В этом году сто лет ее выпуску. Она стала выпускать с 1921 года, но своим называла выпуск 1925 года: она их учила дольше всех, почти шесть лет, и в том выпуске была Марина Семенова — человек, выдающийся в дальнейшем: балерина, педагог, и мой педагог непосредственно. И для меня очень дорогой человек. Как бы это была полностью ею выученная девочка. И надо отдать должное Марине Тимофеевне: пока она работала в Питере, а потом в Москве, она в принципе с другими педагогами никогда не работала. Для нее Ваганова все равно была главным учителем, главным ориентиром. Она регулярно садилась на поезд, ехала в Питер. Во-первых, навещала семью. Во-вторых, работала с Агриппиной Яковлевной. Она ее всю жизнь называла «моя черненькая мамочка», потому что родная мама Марины Тимофеевны была блондинкой. Сама блондинка, а Агриппина Яковлевна была армянка, черненькая.
— У вас прям целая параллель.
— Да, параллель, и это тоже совпадение такое, я думаю, совершенно не случайное.
30 лет моей педагогической деятельности и 100 лет, как выпустилась Марина Тимофеевна Семенова. Что интересно? В этом же классе выпустился один из блистательных танцовщиков начала XX века Александр Иванович Пушкин. Он потом становится блистательнейшим педагогом, который выпустил большую плеяду танцовщиков. Вот всегда называют, конечно, двух самых главных учеников — Нуриева и Барышникова. Но первым его классом был класс во время войны, во время эвакуации в Перми. Там учился мой педагог Петр Пестов, кто учил меня в школе. Так что вот если Марина Тимофеевна — моя такая балетная мама и мой главный ориентир был, то Пушкин — это балетный дедушка по моему педагогу. Видите, все как бы не случайно.

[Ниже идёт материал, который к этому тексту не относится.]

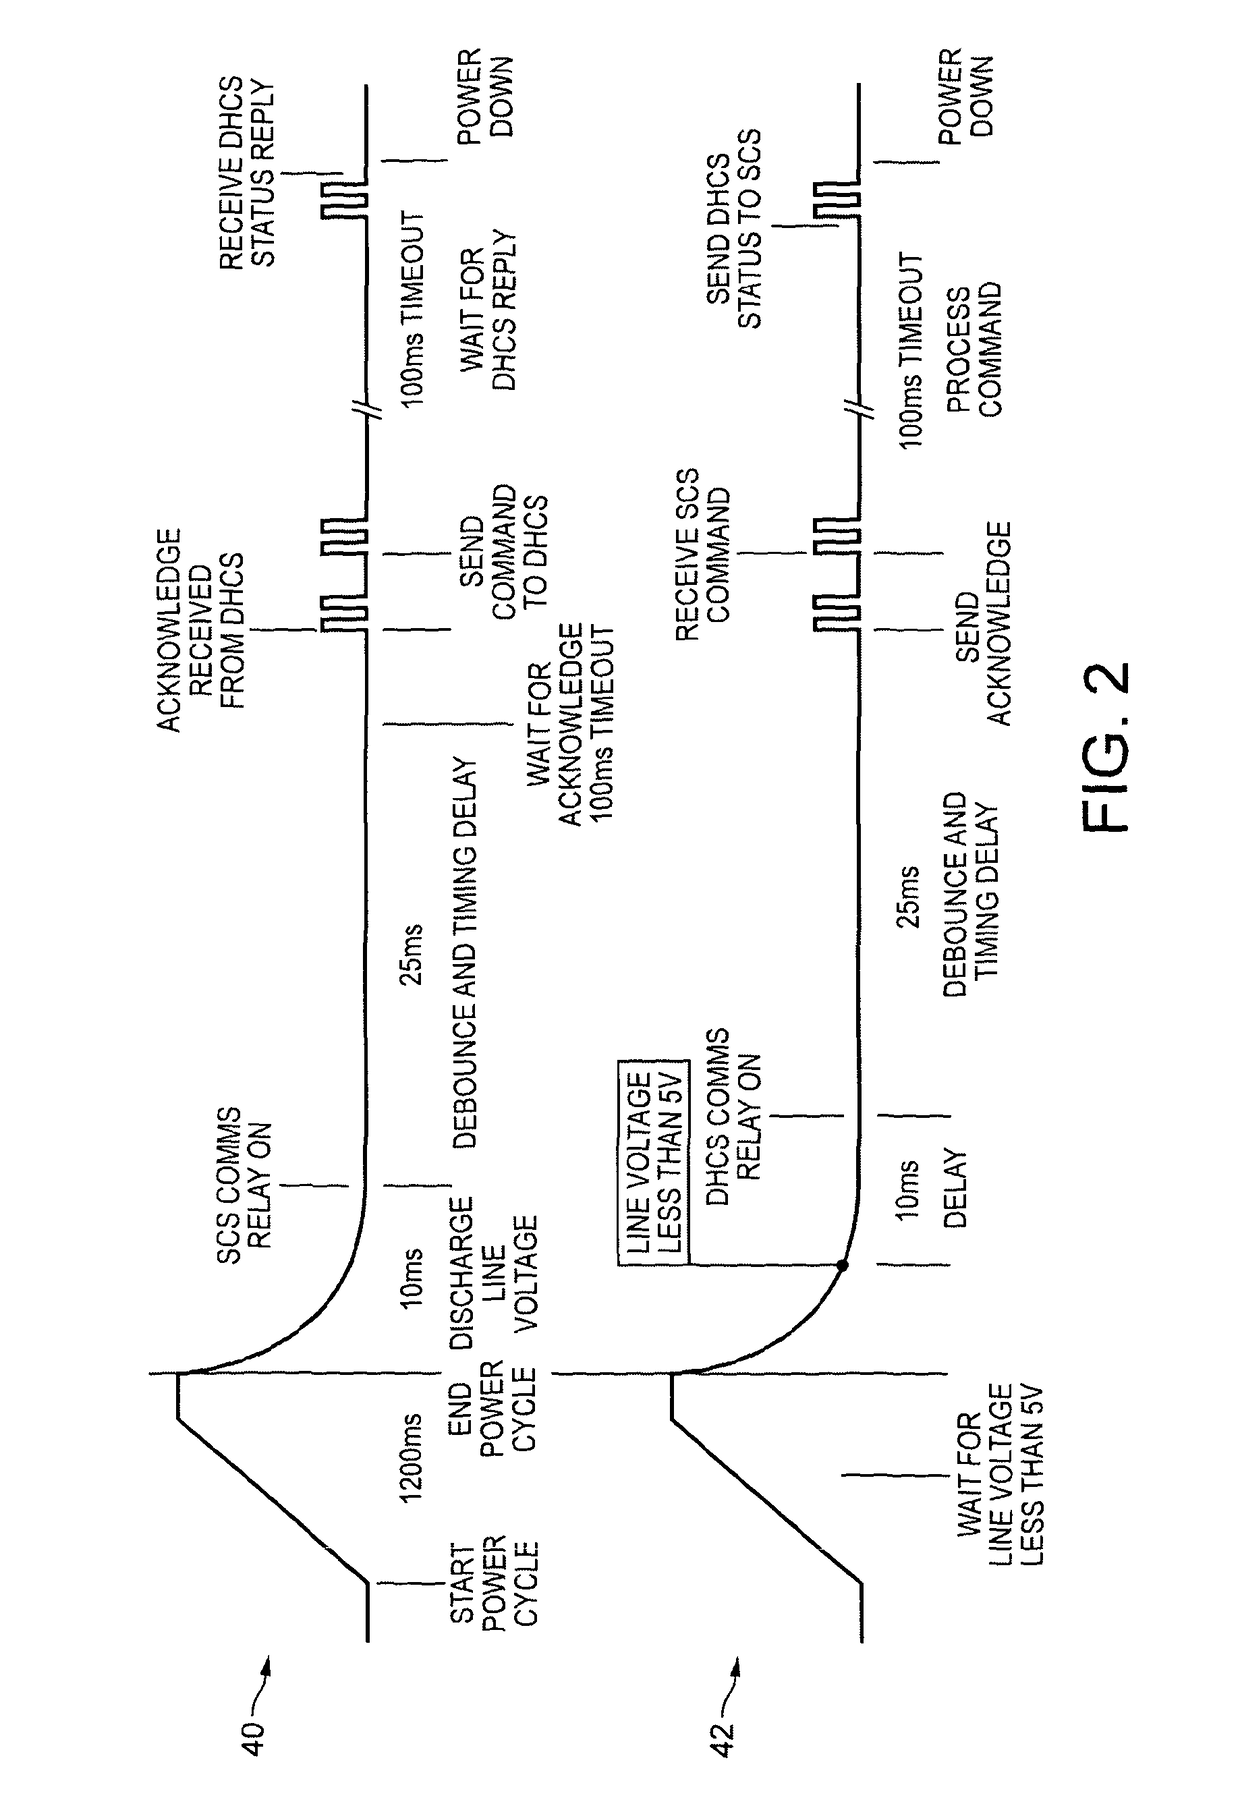 Power and communication assembly for connection to remote electronic devices

— У вас, наверное, что-то планируется, посвященное юбилею?
— Когда мне исполнялось 50 лет, меня очень много расспрашивали про юбилей. Все время говорили, что я обязательно должен его отметить. Но поймите, я родился 31 декабря — это вообще не юбилейная дата. Однако я подумал: отметить свой педагогический юбилей — вот это действительно нестыдно.
На выпускном первый акт будет посвящен столетию первого выпуска Вагановского училища. «Лебединое озеро» — в честь Марины Тимофеевны и первого выпуска академии. Ведь главная роль для Марины Тимофеевны была Одиллия в «Лебедином озере».
Это очень тяжело, но я рискую.
Второй акт мы посвятим восьмидесятилетию Победы в Великой Отечественной, потому что одной из главных премьер во время войны был балет «Гаянэ». Я лично восстанавливаю всю ту хореографию, которую поставила замечательная характерная танцовщица Мариинского театра Нина Анисимова. Многое утрачено, давно не исполнялось.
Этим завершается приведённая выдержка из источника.